Troubleshooting

Common errors and resolutions for the Data Model Loader.

An Apollo license is required to use Data Model Loader on the DNAnexus Platform. Org approval may also be required. Contact DNAnexus Sales for more information.

Common Errors

Error Code

Scenario

Common Resolution

1

Other error

This is a catch-all for unexpected errors. If the message is unclear, please contact support at support@dnanexus.com for help.

10

Data dictionary file is required.

Provide a Data Dictionary as an uncompressed CSV file.

11

The path does not point to a data dictionary file

Reevaluate the path and make sure that it points to the uncompressed CSV data dictionary file. In some cases the absolute path may be needed.

14

Empty data dictionary file provided

Ensure that the data dictionary file provided has values in it. The data dictionary is required.

15

Mandatory columns missing in data dictionary csv file.

The mandatory columns for the data dictionary are "entity", "name", "type", "primary_key_type". Ensure that your data dictionary has these columns.

16

(DML Only) max_column specified is over 400 and under 2

Update the max_column input to below 400 or above 2. You can remove the input and rely on the system default.

20

Invalid entity name(s)

The entity name cannot be in the stopwords, must be shorter than 256 characters, must start with a letter, and can only contain letters, numbers, or an underscore.

25

Invalid field name(s)

The field name cannot be in the stopwords, must be shorter than 2000 characters, must start with a letter, and can only contain letters, numbers, or an underscore.

30

Duplicate fields in entities

Each field on an entity must be unique so only one field can remain with the name and all others should be renamed.

35

Global primary key is missing

At least one field in the data dictionary must be marked as “global” for the key. This field is the main field for the whole dataset to focus on.

36

Multiple keys on the same entity

An entity can only have one defined key. Remove any fields that are not the primary key for that entity.

37

Multiple global keys defined

A dataset can only have one global key. For secondary entities, flip the keys to local keys or remove the designation.

38

Invalid primary_key_type type defined, not "local" or "global"

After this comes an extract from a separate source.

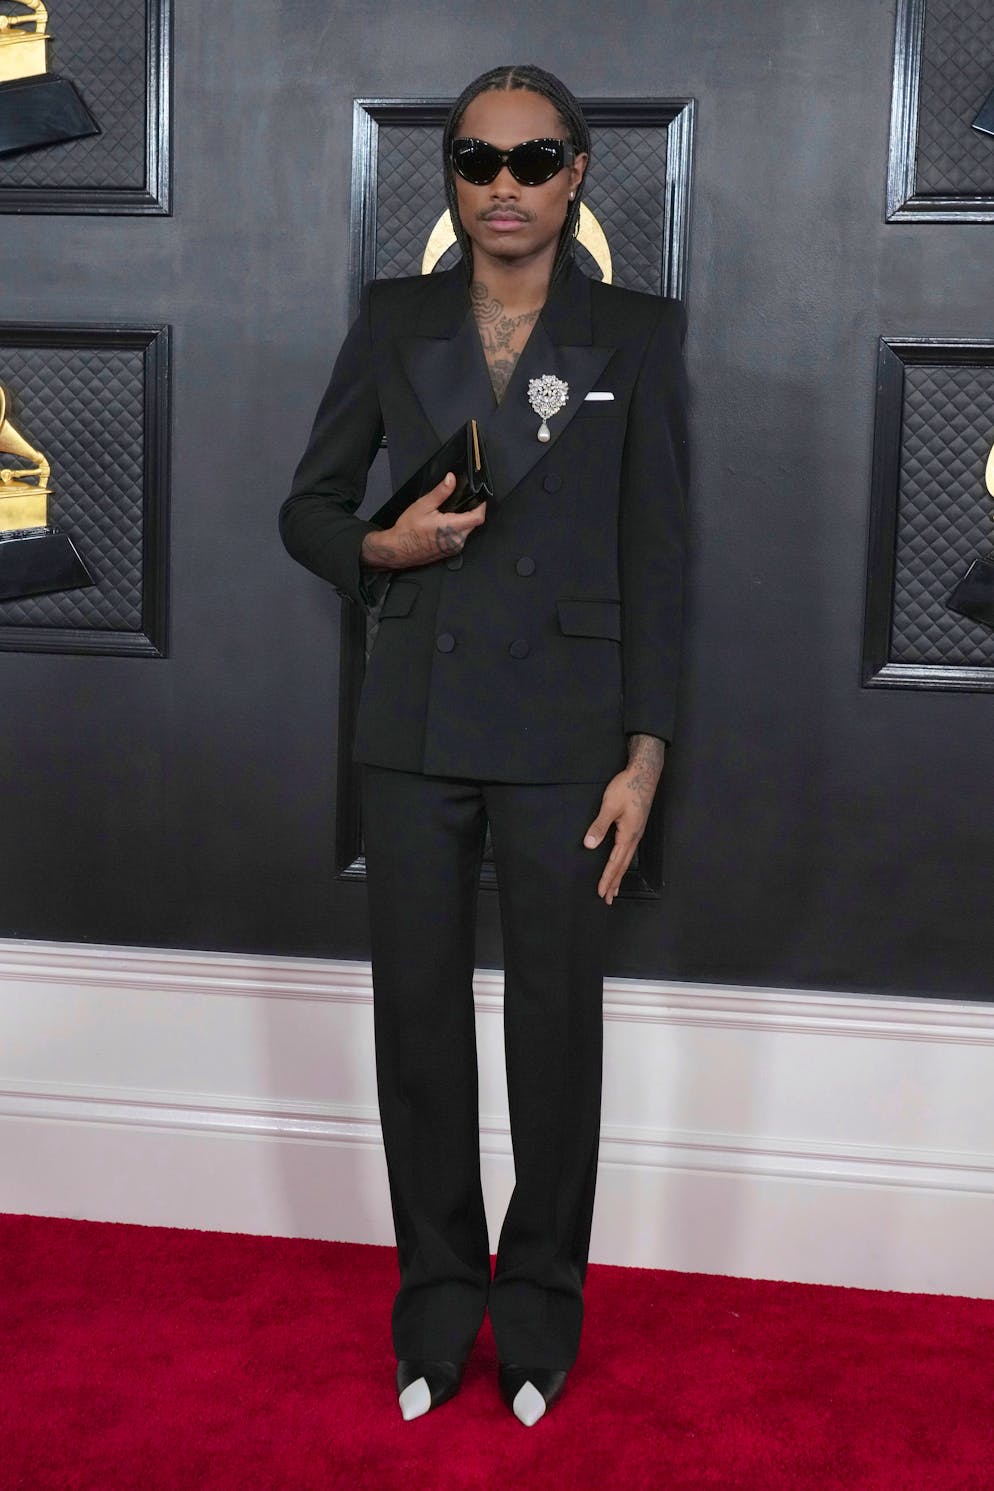 Steve Lacy arrives at the 65th annual Grammy Awards on Sunday, Feb. 5, 2023, in Los Angeles. (Photo by Jordan Strauss/Invision/AP)
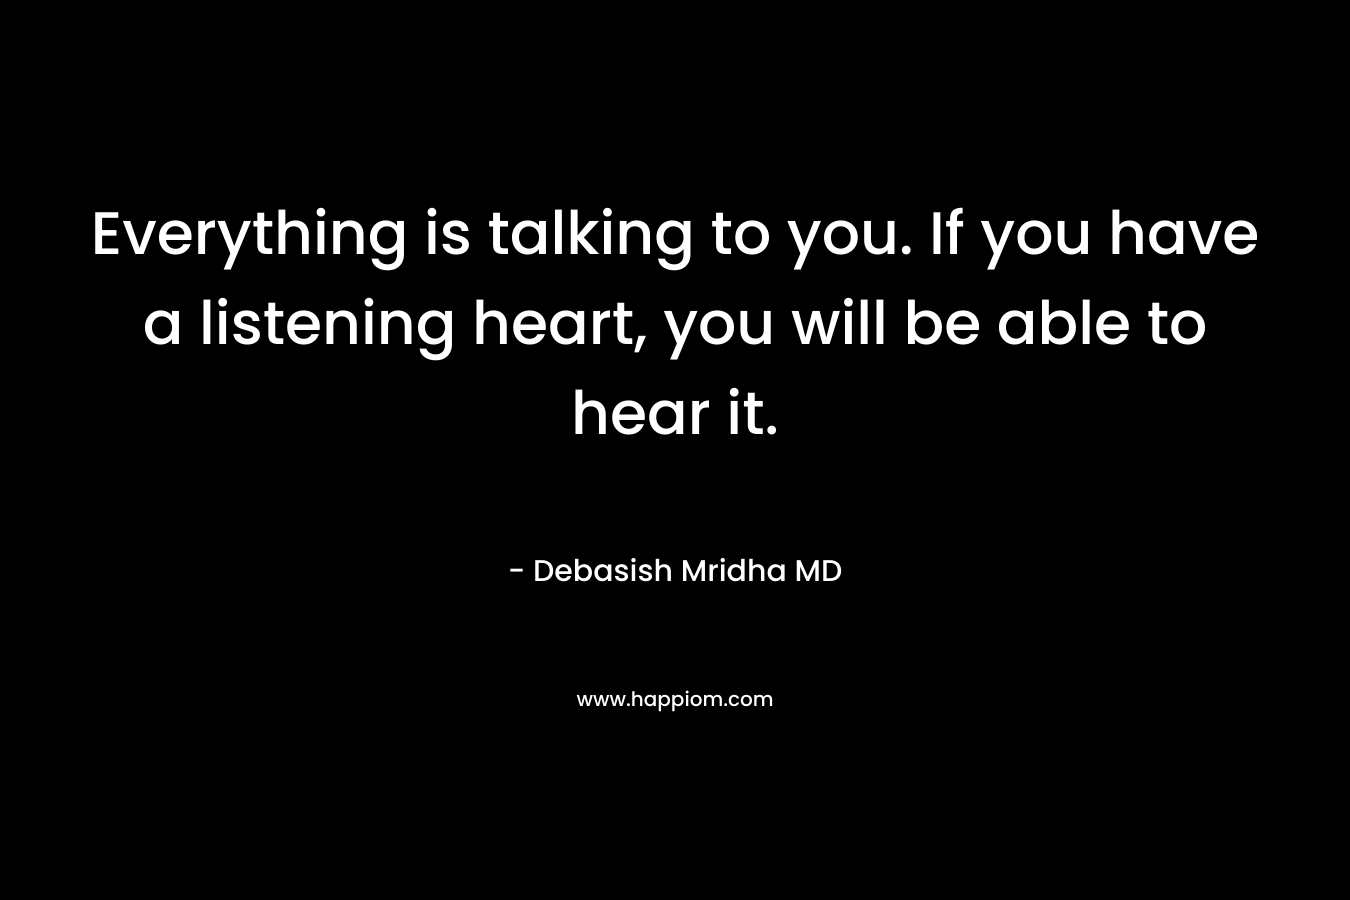 Everything is talking to you. If you have a listening heart, you will be able to hear it.

Only the terms “local” and “global” can be used in the key column. Ensure that the columns are mapped correctly and remove/update invalid columns.

40

Invalid referenced entity fields

The referenced_entity_field value must be of a format “entity_name:field_name” (e.g. participant:participant_id). Ensure that the structure aligns with this format.

41

referenced_entity_field column missing when relationship column provided

When the ‘relationship’ column is provided, the ‘referenced_entity_field’ column must be provided too. Ensure that both columns are present in your data CSV.

42

Null/Empty/missing relationship when referenced_entity_field is not empty

The “relationship” definition is required if a field has a referenced entity. Values of “one_to_one” and “many_to_one”” are supported. Another cause could be misalignment of the relationship and the referenced_entity_field where they’re added on two different fields.

43

Null/Empty/missing referenced_entity_field when relationship is not empty

The “referenced_entity_field” must have the entity and field being referenced if a relationship is specified. Another cause could be misalignment of the relationship and the referenced_entity_field where they’re added on two different fields.

44

Invalid value for relationship

Only “one_to_one” and “many_to_one” are supported. If a one-to-many relationship is trying to be established, add the definition to the “many” side as a “many_to_one”.

45

Unlinked entities

All entities must be linked together with a path to the main entity. Ensure that the entity has a reference to the main entity or a secondary entity.

46

Relationship column is missing

If a referenced_entity_field is in the data dictionary, the relationship column must also exist. Ensure that it is added and not null where the referenced_entity_field is not null.

47

Entity in a reference does not exist

The entity in the reference definition for a field does not exist. Ensure that the spelling and field structure is correct.

48

Field in a reference of "entity:field" does not exist on the entity specified

The field in the reference definition for a field does not exist on the entity specified. Ensure that the spelling is correct and the entity is correct.

50

Data type is not a supported type

Ensure the data type specified aligns with a supported type.

55

Float type can only be coded if sparse

A float can only have a coding value if it has is_sparse_coding set to "Yes". If the field needs to be fully coded change the type to a string.

56

invalid is_sparse_coding value

The is_sparse_coding field can only be “Yes” or blank. Ensure that the column is mapped to the correct values and that any values besides “Yes” are removed.

57

Coding file is missing

A coding file is required when at least one column in the data dictionary has a coding_name value. Ensure that the coding file is provided to the Data Model Loader.

58

Missing coding for coded column

Each coding_name in the data dictionary must be present in the coding file. Ensure that the spelling is correct in the coding file and the data dictionary.

60

Coding missing when is_sparse_coding is "yes"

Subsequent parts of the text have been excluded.